As we move beyond the Census to seek other sources of data on health, justice, and infrastructure, the persistent gaps in data on Indigenous populations become more evident. In many cases, data are not available on all distinctions groups or geographies, or the data are older and not available across time. Where such limitations exist, the best data available are used to illustrate the gaps between Indigenous and non-Indigenous populations. A section at the end of this chapter is devoted to the gaps in Indigenous data, steps that have been taken to address them, and what further efforts can be made to ensure that all partners and stakeholders have the data required to support services to Indigenous peoples, and the transfer of services responsibilities to Indigenous control.

The analysis

To the extent possible, this analysis is distinctions-based and includes data for the past 15 years, to illustrate how socioeconomic gaps between Indigenous and non-Indigenous populations have evolved.

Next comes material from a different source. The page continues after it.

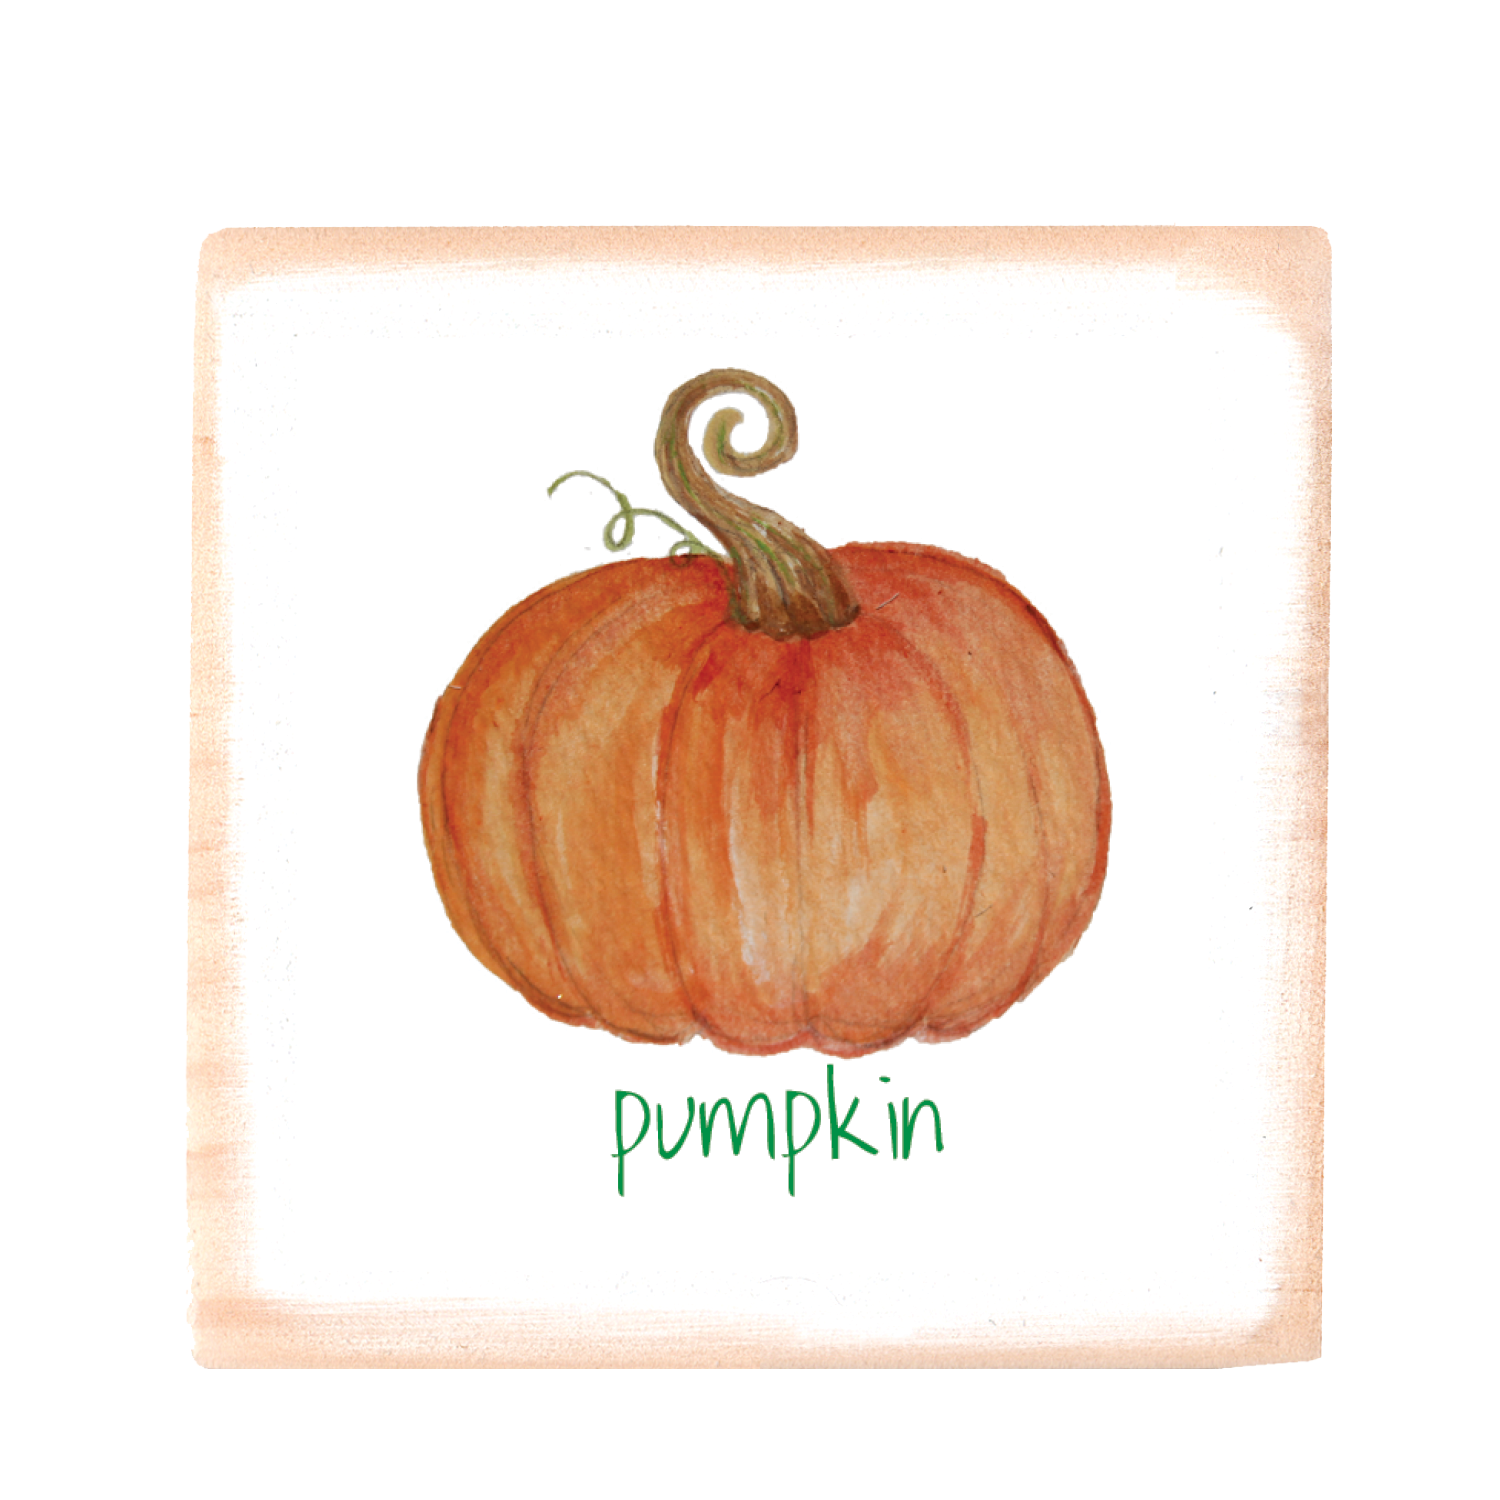 Pumpkin with pumpkin text square wood block

Data are presented for the three main distinctions groups: First Nations, Inuit, and Métis. First Nations data are further disaggregated, given the significant differences in socioeconomic outcomes that are known to exist among the following groups: Registered Indians living on reserve, Registered Indians living off reserve, and Non-Status Indians.

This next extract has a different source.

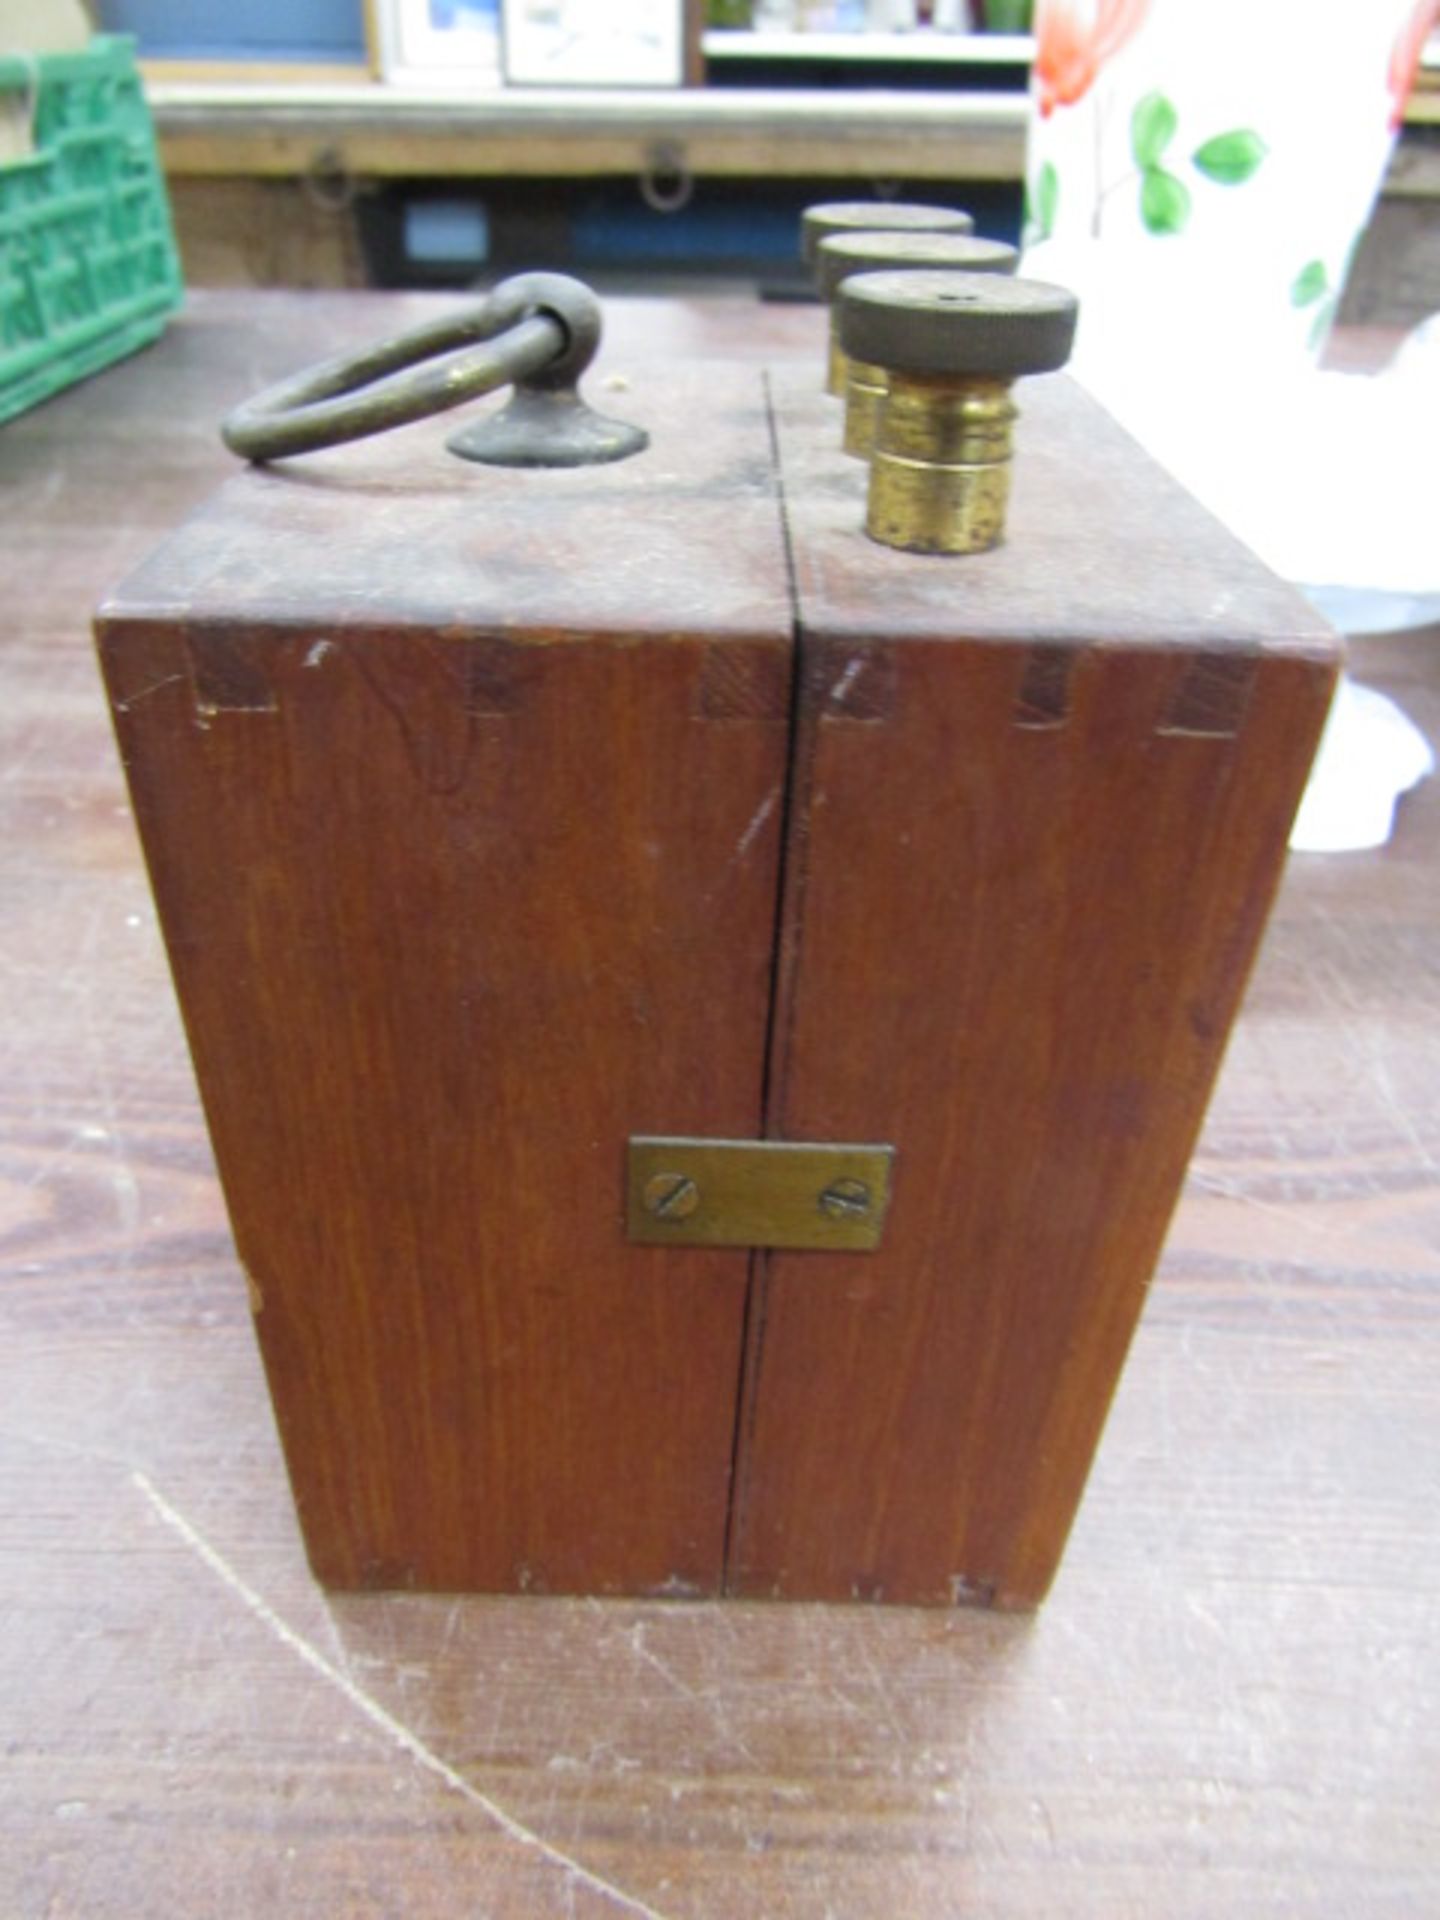 Telegraph works galvanometer - Image 4 of 4

Regional and genderFootnote 23-based analyses are also provided. Notably, some very small populations of First Nations and Métis in the territories are also the populations experiencing the largest gaps relative to the non-Indigenous population. Because statistics based on very small populations are less reliable, and can create a skewed image of overall trends, one option would be to exclude them from broader analyses and/or discuss them separately. In the interest of transparency, however, it was decided to retain these small populations as part of the general analysis. Readers are encouraged to interpret statistics for small populations with caution, especially when data are further broken down by gender, age or other variables.Footnote 24

Findings

Income – median income

Median income is a well-established measure of material well-being. Although it does not capture an individual's assets, median income is one way of estimating a person's wealth.

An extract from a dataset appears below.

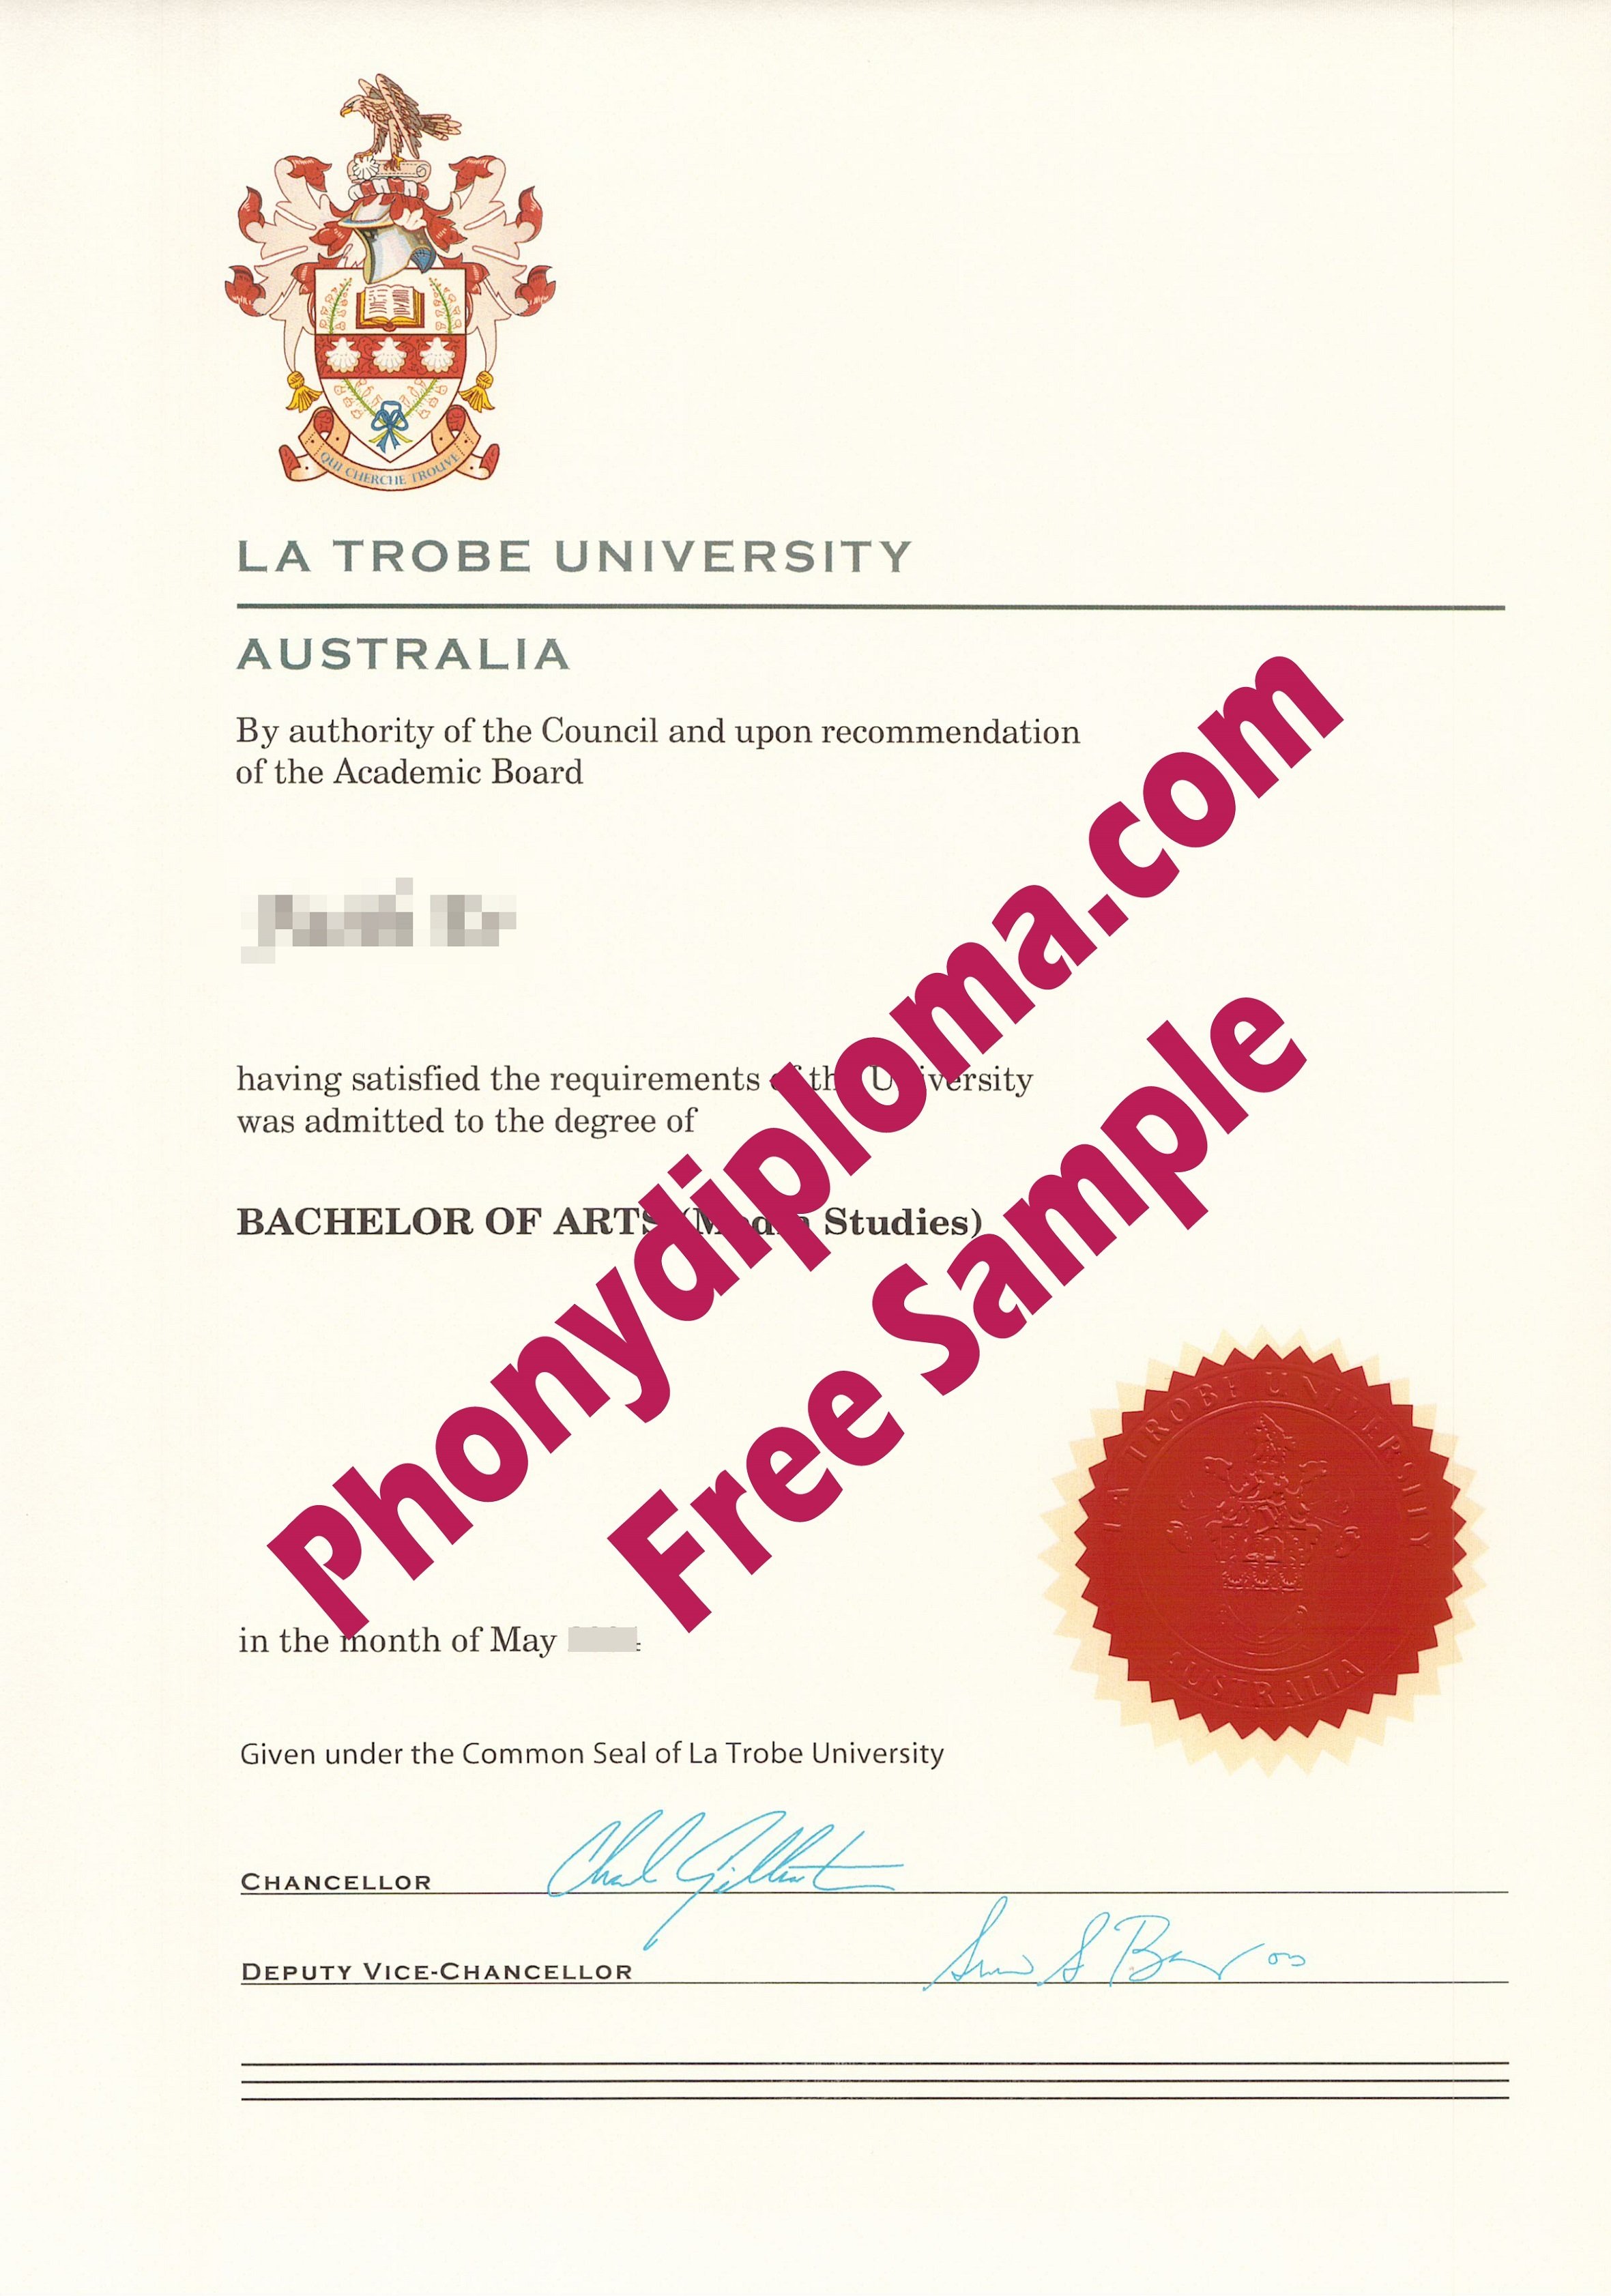 La Trobe Latrobe University Free Sample From Phonydiploma

Figure 3 below compares median income for the working age population (aged 25-64) across population groups. The gap in median income is largest for Registered Indians living on reserve, whose median income is less than half that of the non-Indigenous population. Registered Indians living off reserve, Non-Status Indians, and Inuit each have a median income that is between about 75% and 80% of the non-Indigenous population median income. Métis have a median income that is nearly on par with that of non-Indigenous Canadians.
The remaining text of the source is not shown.